Солдату собраться - только подпоясаться. Потому повесил на палку котомку, куда положил мешочек с ржаными сухарями, а кожаную флягу с колодезной водой на пояс - весь солдатский припас. Да, конечно, соли чуток, завернутой в чистую тряпицу, да луковица. Выданный унтером на дорогу медный пятак солдат припрятал от греха подальше. Так и шел от села к селу, от города к городу. Шел домой, хотя и не знал толком ждет ли кто его дома и есть ли еще его дом.
- Стой, тебе говорят!
- Стою, А ты кто?
- Атаман я и здешним лесам и дорогам хозяин. А ты, должно быть солдат?
- Солдат... Был солдат, а теперь вот отстаавлен вчистую по болезни и топаю домой, а есть ли дом и не ведаю. - Так неожиданно для себя рассказал солдат про свою немудреную жизнь, что вроде и прошла, а вспомнить кроме муштры с зуботычинами, да баталий, да пеших переходов нечего.
- А давай-ка к нам в артель! Ты же мушкетное дело знаешь и людей убивать приходилось...
- Не-е, погоди. - Взъершился солдат. - Людей я не убивал. Врагов, да, не щадил и крови не жалел, по кустам не хоронился. А людей не-ет!
- Так, а что, супостаты и не люди поди?
- Люди, но враги и супостаты, злодеи, значит.
- Все, как есть, злодеи?
- Все, как есть, злодеи, а иначе чего бы это мы с ними воевать взялись?

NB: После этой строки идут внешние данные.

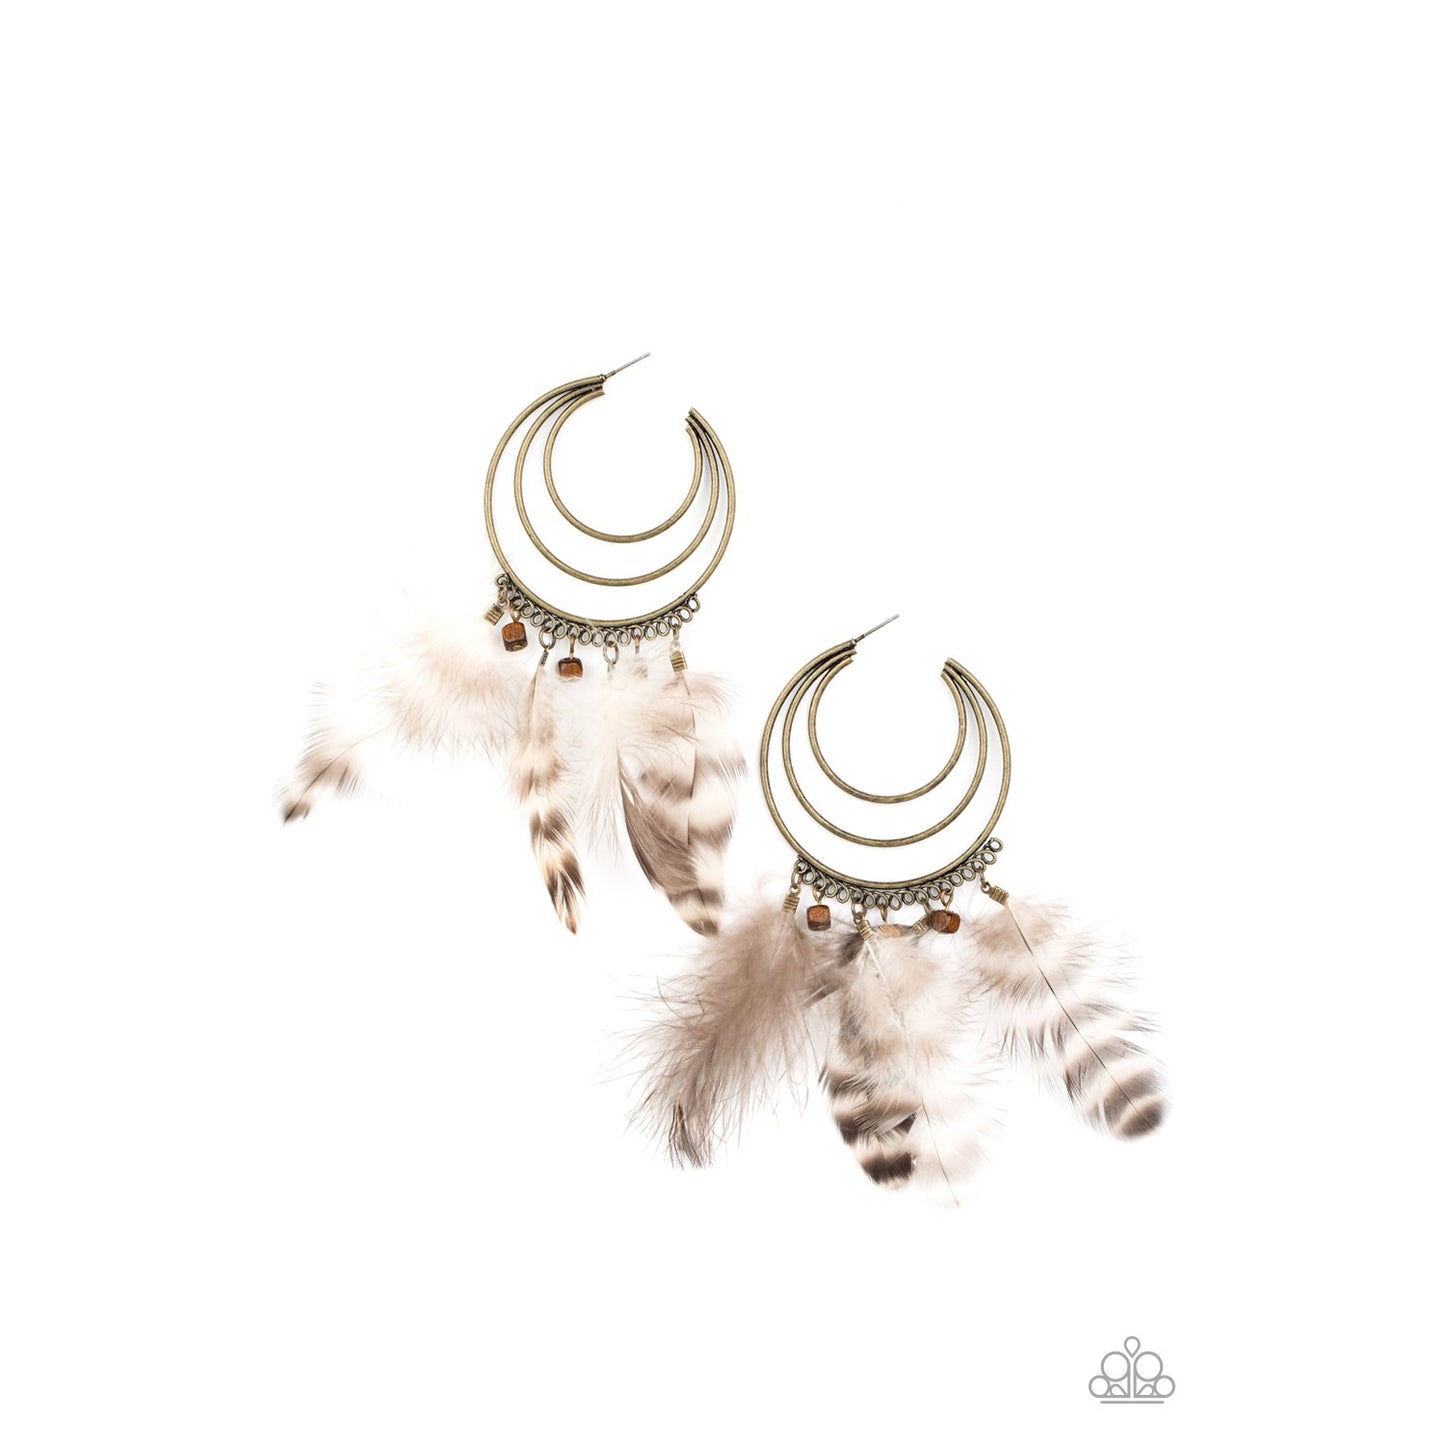 Freely Free Bird - Brass and Feathers Earrings - Paparazzi Accessories - GlaMarous Titi Jewels

- Так это ты сам решал, кто супостат, а кто нет?
- Почему сам, унтер сказал, а ему офицер объяснил. - Засомневался было солдат.

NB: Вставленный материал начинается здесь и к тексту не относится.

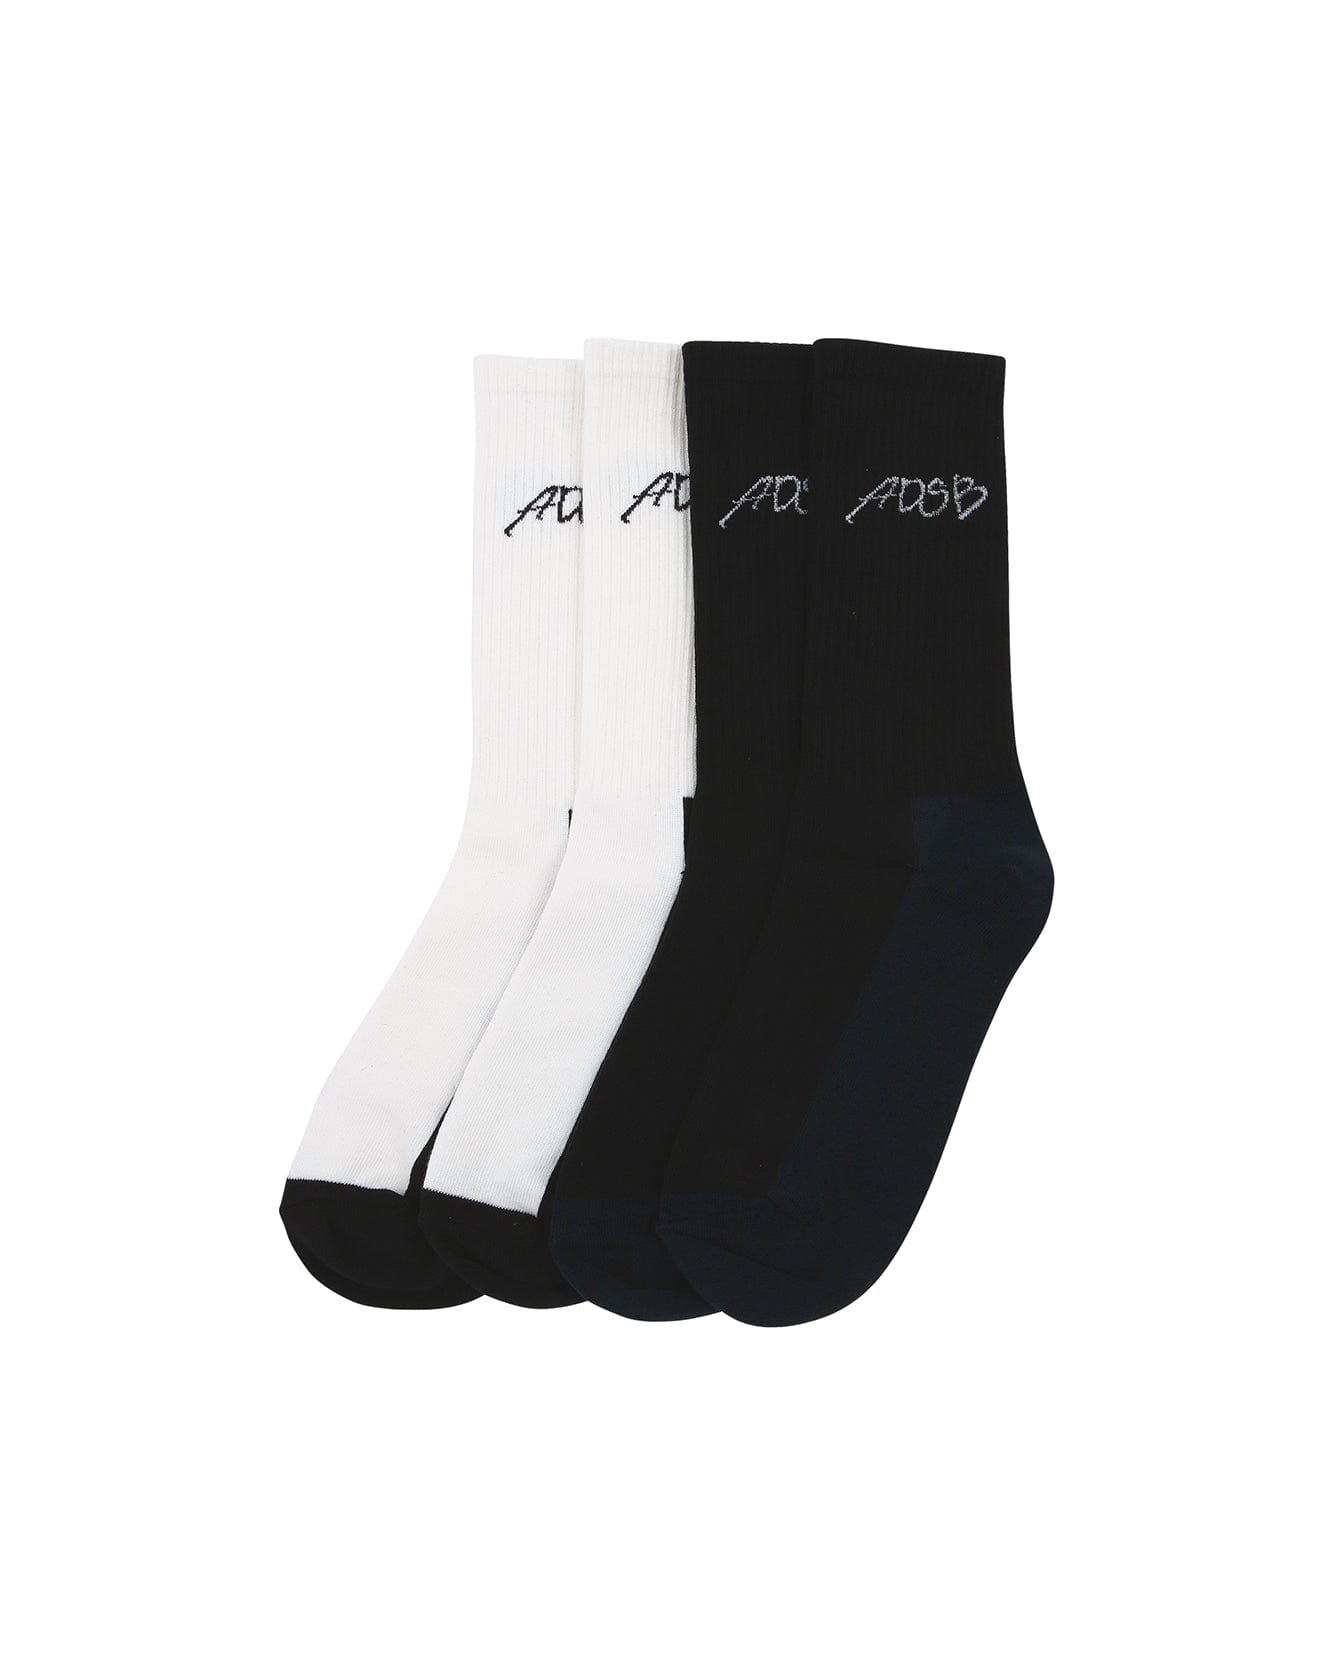 Andersson Bell ONE (ESSENTIAL) UNISEX ADSB CALLIGRAPHY SOCKS 2 PACK aaa332u(WHITE1/BLACK1)

- Вот! Унтер! А если я, твой атаман, скажу тебе где враг, будешь стрелять?
- Не-е, ты не путай соленое с кислым. И я - солдат, и унтер, и офицер мы все государевы люди! Государевы! Слышишь, го-су-да-ре-вы! - По слогам с нажимом проговорил солдат. - Не, в людей стрелять не буду.
- Да, и ладно, раз так. - Согласился атаман. - Все равно у нас ружья нет. Пока нет, но мы и дубьем можем.
- Так ты что, мне угрожаешь, ограбить хочешь? Так у меня окромя котомки и брать нечего. - А про пятак солдат промолчал, конечно.
- Так значит не поможешь?
- А что вам помогать. Вы лихие люди прохожих обижаете, обираете, дубьем грозите - не помощник я.
- Жаль, понимаешь... А то бы подсобил в добром деле.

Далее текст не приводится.